Parker played Jack Weatherill in James Graham's This House at the Minerva Theatre, Chichester in September 2016 and took the same role to the Garrick Theatre in the West End of London on 19 November 2016.

Film and television
In 1989, Parker portrayed Jamie Jasper in the tenth episode of Inspector Morse. In 1997, he portrayed King David in a made-for-TV film. 

Parker played a variety of television costume drama roles, such as: Martin Jordan in the 1995 TV production of Joanna Trollope's A Village Affair, Gabriel Oak in the Granada/WGBH-TV co- production of Far From the Madding Crowd (1997), and Martin Tanley in the comedy film Beverly Hills Ninja (1997) with Chris Farley and Chris Rock. He also played Rawdon Crawley in a BBC version of Vanity Fair (1998). The New York Times reviewer Caryn James said of his performance: "More than anyone else in the series, Nathaniel Parker brings some complexity to his character." He also played Harold Skimpole in the BAFTA-winning BBC1 dramatisation of Bleak House (2005).

In a 2007 Radio Times interview, Parker said that his first big television break came in 1988 when he played a Battle of France pilot in ITV's six-part drama Piece of Cake. 
Another early role was Wilfred Owen in Derek Jarman's War Requiem, a 1989 film adaptation of Benjamin Britten's War Requiem. It co-starred Laurence Olivier, in his last screen role, as an old soldier. Four years later, Parker played Edward Rochester in John Duigan's 1993 film adaptation of Jean Rhys' Wide Sargasso Sea. Reviewing this 'prequel' to Jane Eyre, Vincent Canby said in his review that Parker: "is exceptionally good in a difficult, shadowy role".

From 2001 to 2007, Parker played the titular character in the long-running BBC1 crime series The Inspector Lynley Mysteries, perhaps his best-known role.

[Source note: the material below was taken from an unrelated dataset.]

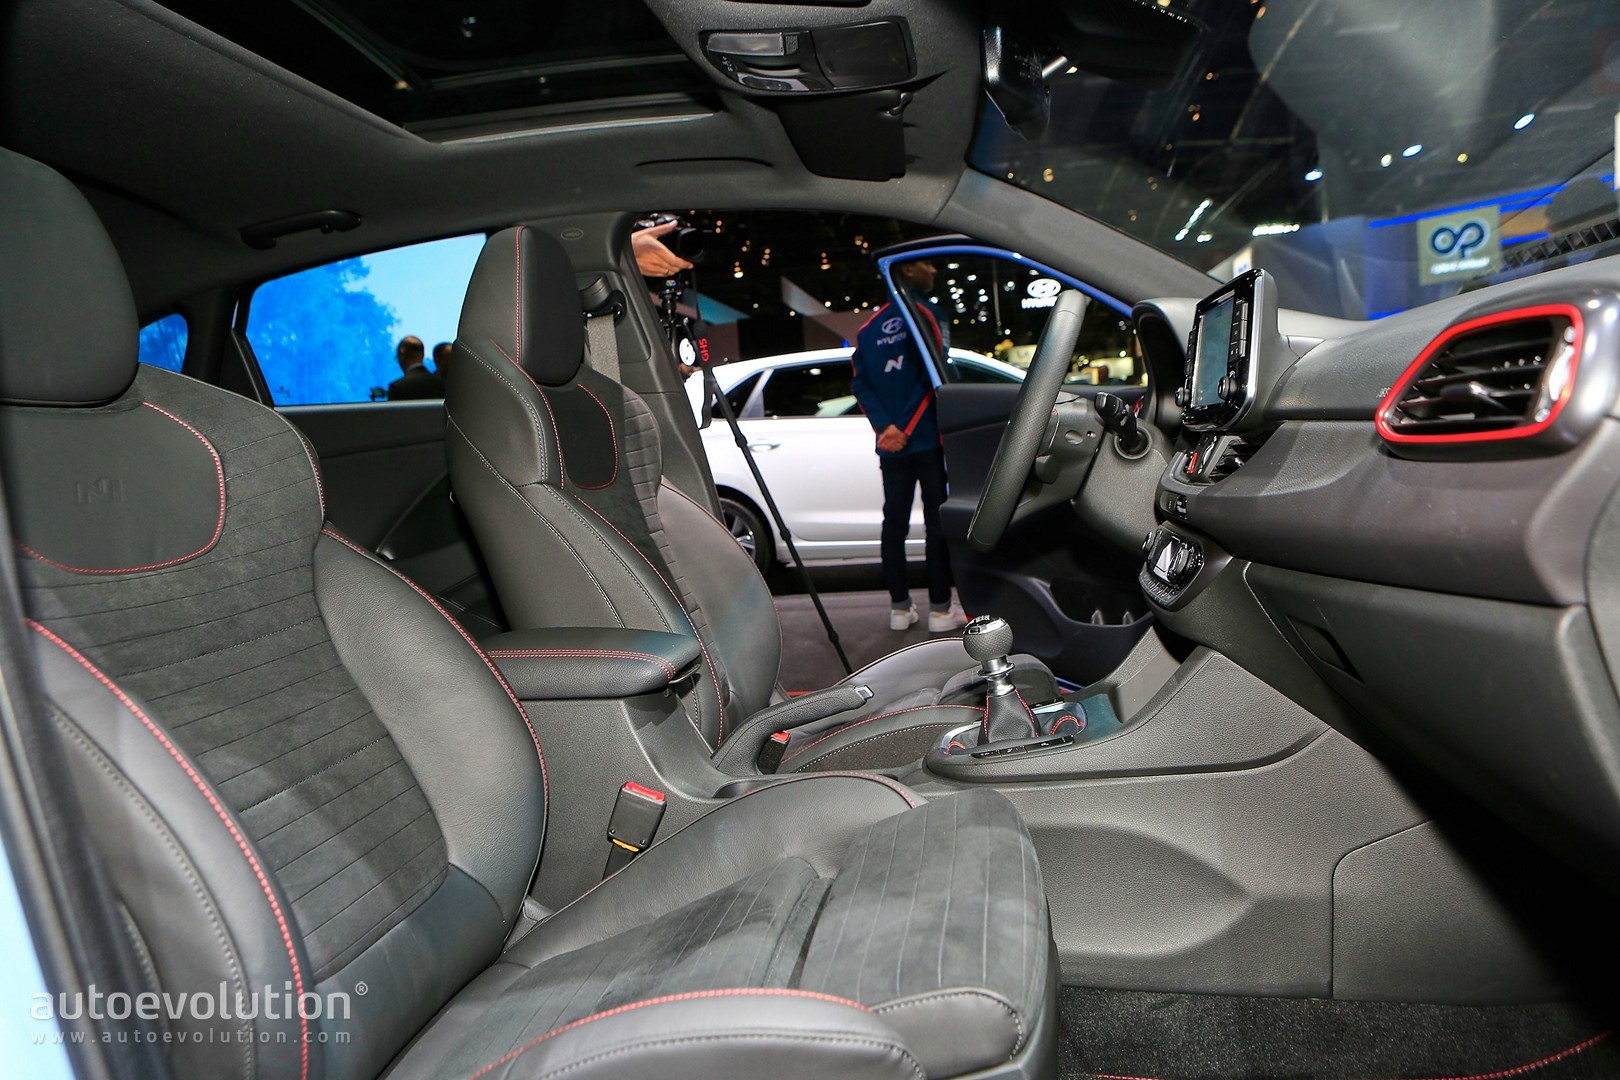 Hyundai Sonata Power Seat Wiring Trusted Diagrams. 2015 Hyundai Sonata Recalled Over Wiring Problem Autoevolution Review I30 Fastback N. Hyundai. 2015 Hyundai Sonata Wiring At Scoala.co

His co-star was Sharon Small as his assistant, Detective Sergeant Barbara Havers. When the series premiered on PBS in 2002, The Wall Street Journal wrote that it was "fully worthy of the Mystery! label." At the same time, he played Master Gracey in The Haunted Mansion,(2003), Albert Speer in the BBC production of 2006 Nuremberg: Nazis on Trial and Dunstan Thorn in the fantasy film Stardust (2007). Parker also starred briefly in St Trinian's (directed by his brother, Oliver).

In 2011, Parker joined the cast of Merlin, to play the character of Agravaine de Bois for all 13 episodes of the fourth series. He also appeared in the independent comedy-drama The Perfect Host, alongside David Hyde Pierce.

In 2012, Parker was cast alongside YouTube reviewer Stuart Ashen in the Alienware-sponsored sci-fi thriller series The Proxy. He also appeared as Chief Inspector Armand Gamache of the Sûreté du Québec in the film adaptation of Louise Penny's murder mystery novel Still Life, set in rural Quebec. He also starred in the TV series, Me and Mrs Jones broadcast in 2012.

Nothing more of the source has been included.